Крупинки горящей махорки упали на его рубаху, но он заметил это, лишь когда запахло гарью. Осторожно погасил тлеющие нитки. На мгновение задумался.

— Вот какие дела. А второй раз фашисты пришли весной сорок второго года. Тут как раз пошли слухи, что наши идут на Украину. Такая радость в деревне была, будто они уж в Паленчицах, что ли. Совсем народ забылся, — думали, всему горю конец, вот-вот здесь наши будут. А тут, вместо того, они пришли. Донос какой был, что ли? Не иначе как донос, потому — по фамилиям вызывали… Уж мы с тех пор сто раз передумывали — кто донес? Кабы они Хмелянчука не повесили, никто бы и думать не стал — рыжий выдал, и точка. А раз и Хмелянчука — ничего понять невозможно. Потому, как воротился он весной, все сейчас смекнули, что это не к добру. Уж как-нибудь он да отомстит и за то, что его выслали, и за все… А он ничего, вроде тихо сидел, и вдруг — на! Пришли, взяли Павла, Осипа Хромого, Кальчука с Соней, повесили у церкви. Ну их-то — понятно. А вот что и Хмелянчука вместе с ними… Ошиблись, что ли? Что-то там на него офицер кричал, ткнул ему что-то под нос, да не до того людям было… После, как стали мы их хоронить, — ночью, тайком, потому строго было приказано не трогать, да не оставлять же людей на дереве, так уж мы ночью… Хороним и сами не знаем, как хоронить… Неужто вместе с Хмелянчуком? И все-таки две могилы вырыли. Рядом, правда, а все же по отдельности.
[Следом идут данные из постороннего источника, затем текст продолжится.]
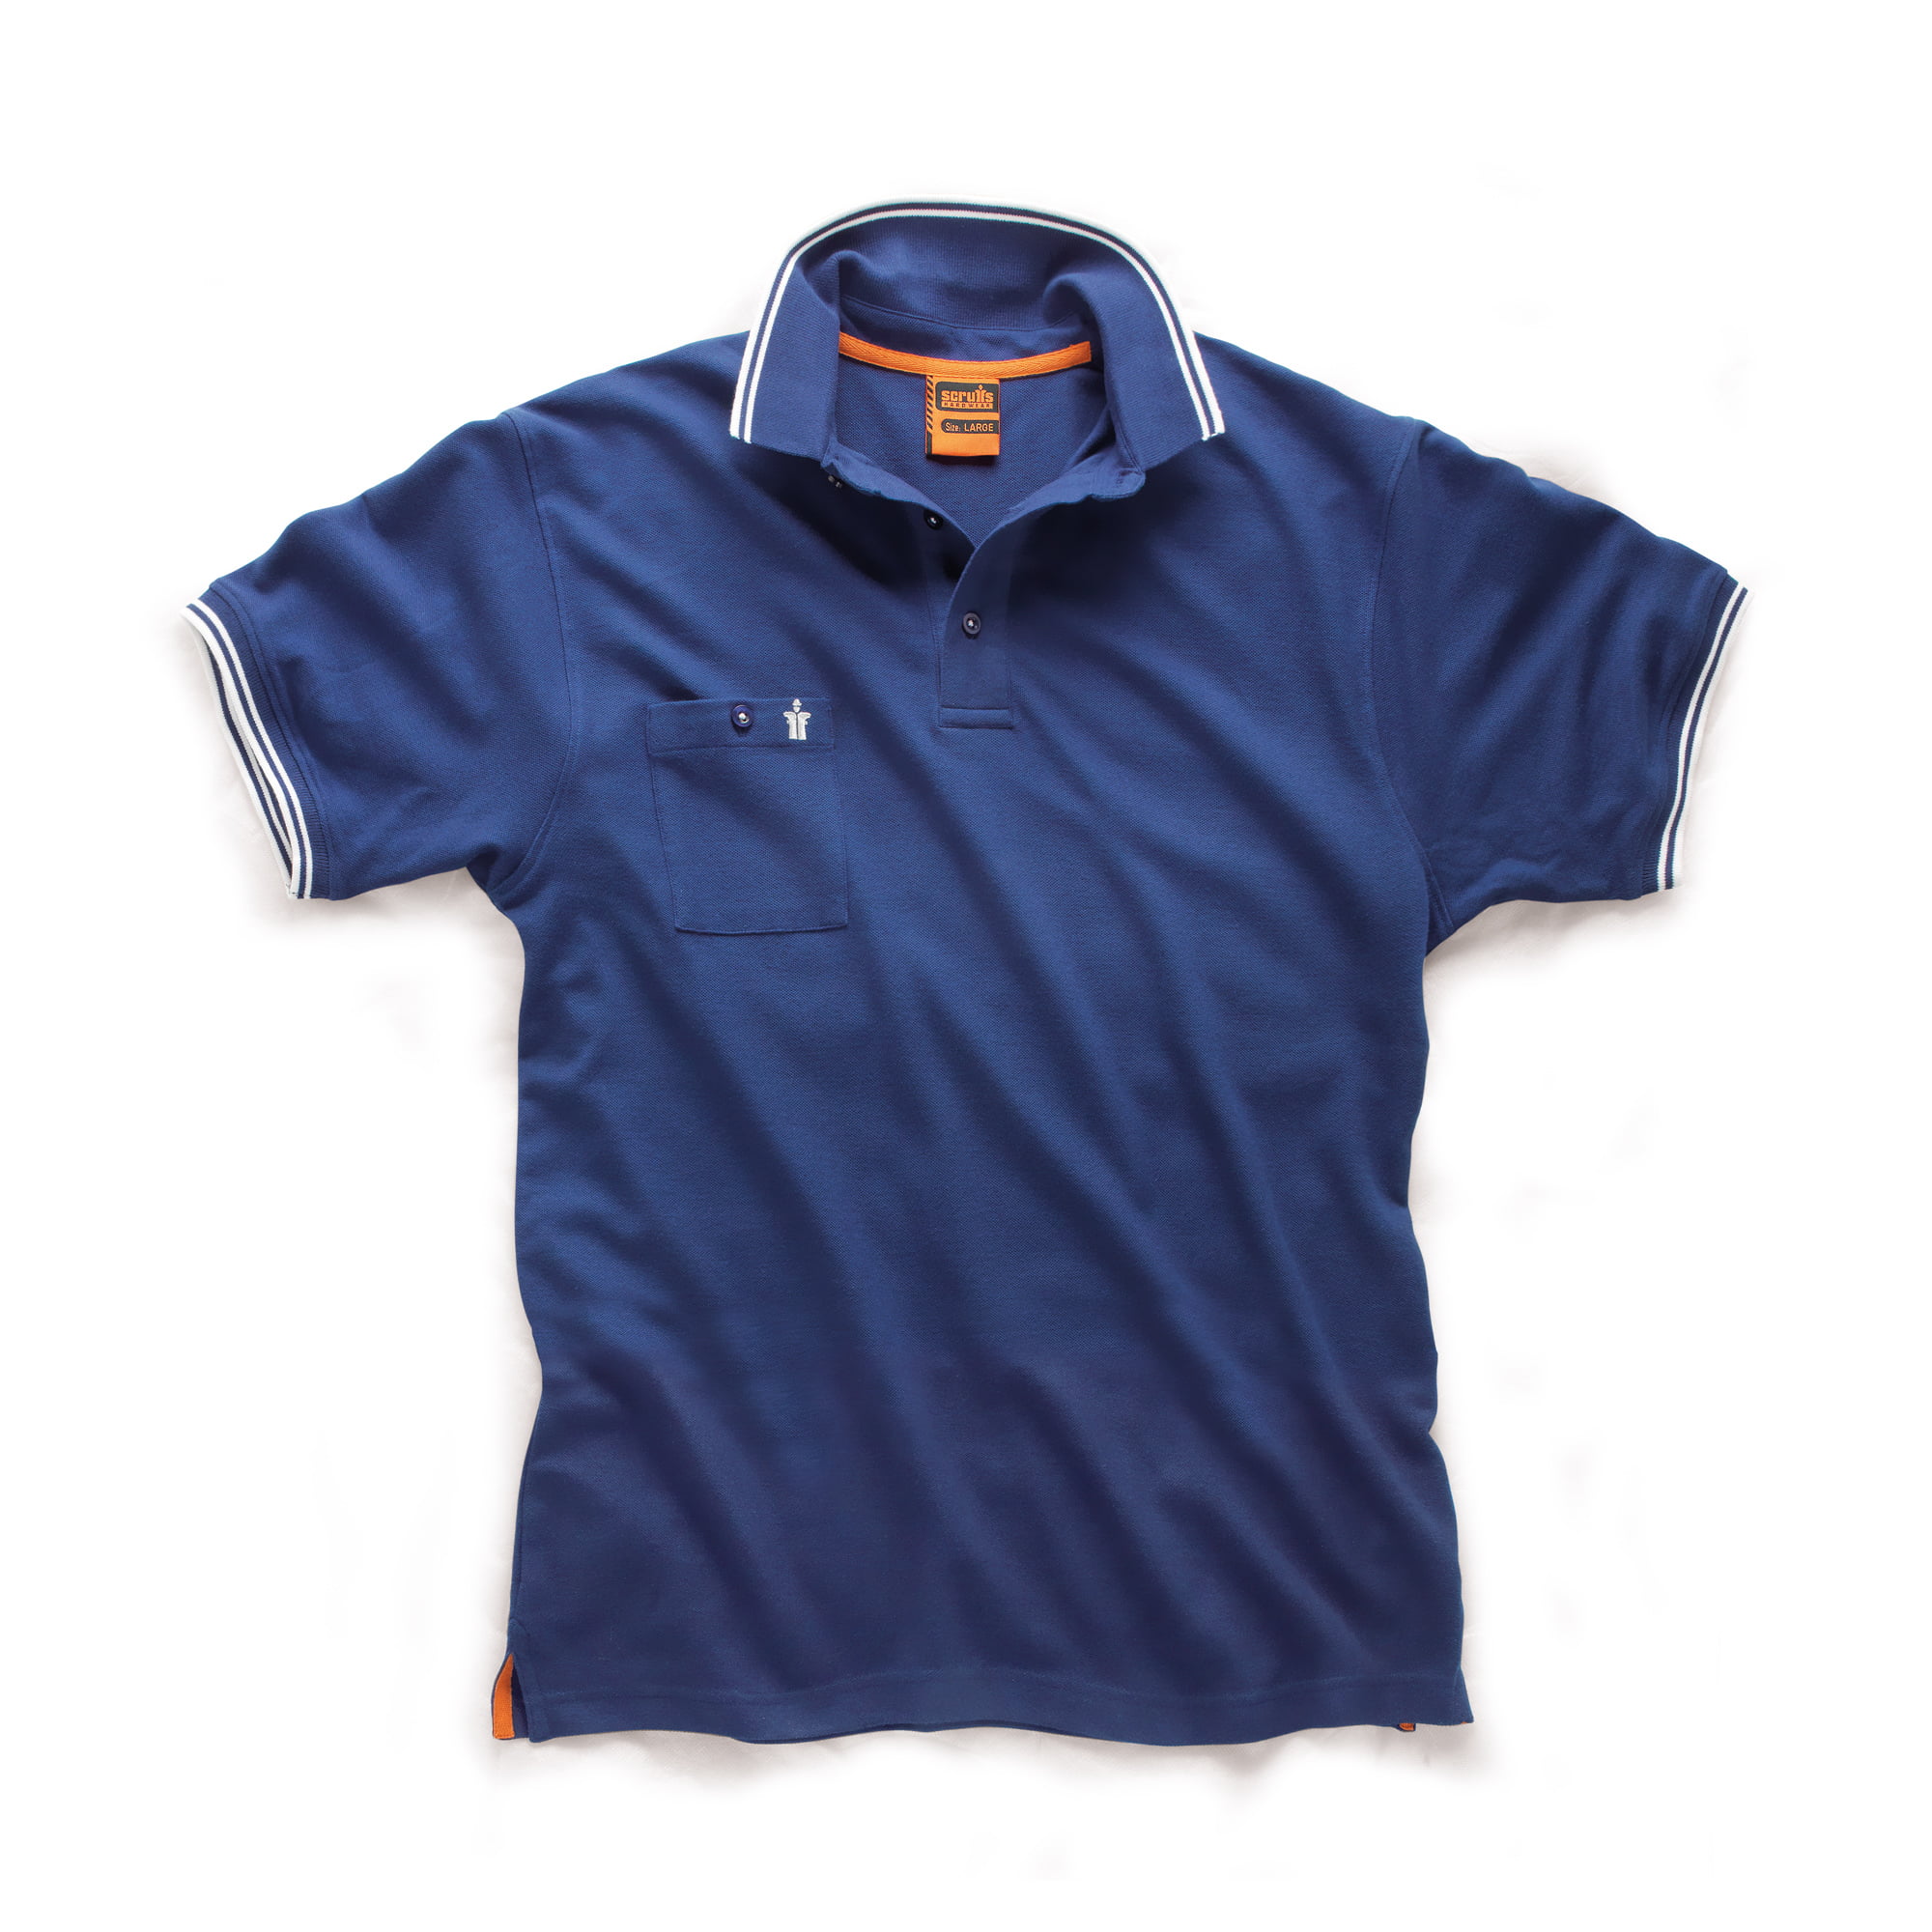 Scruffs dark blue polo with white detailing on the sleeves and collar

Он откашлялся, опершись подбородком на сложенные руки, помолчал, как бы раздумывая. Потом, не глядя на Стефека, продолжал:

— Так их, значит, на этой липе и повесили. И ни один не забоялся, ни-ни, смело шли. А Соня Кальчук, избитая вся, в крови, еще кричала людям, чтобы не боялись, что наши, мол, придут…

Стефек стиснул руки так, что кости захрустели. Староста пододвинул ему махорку и клочок газеты.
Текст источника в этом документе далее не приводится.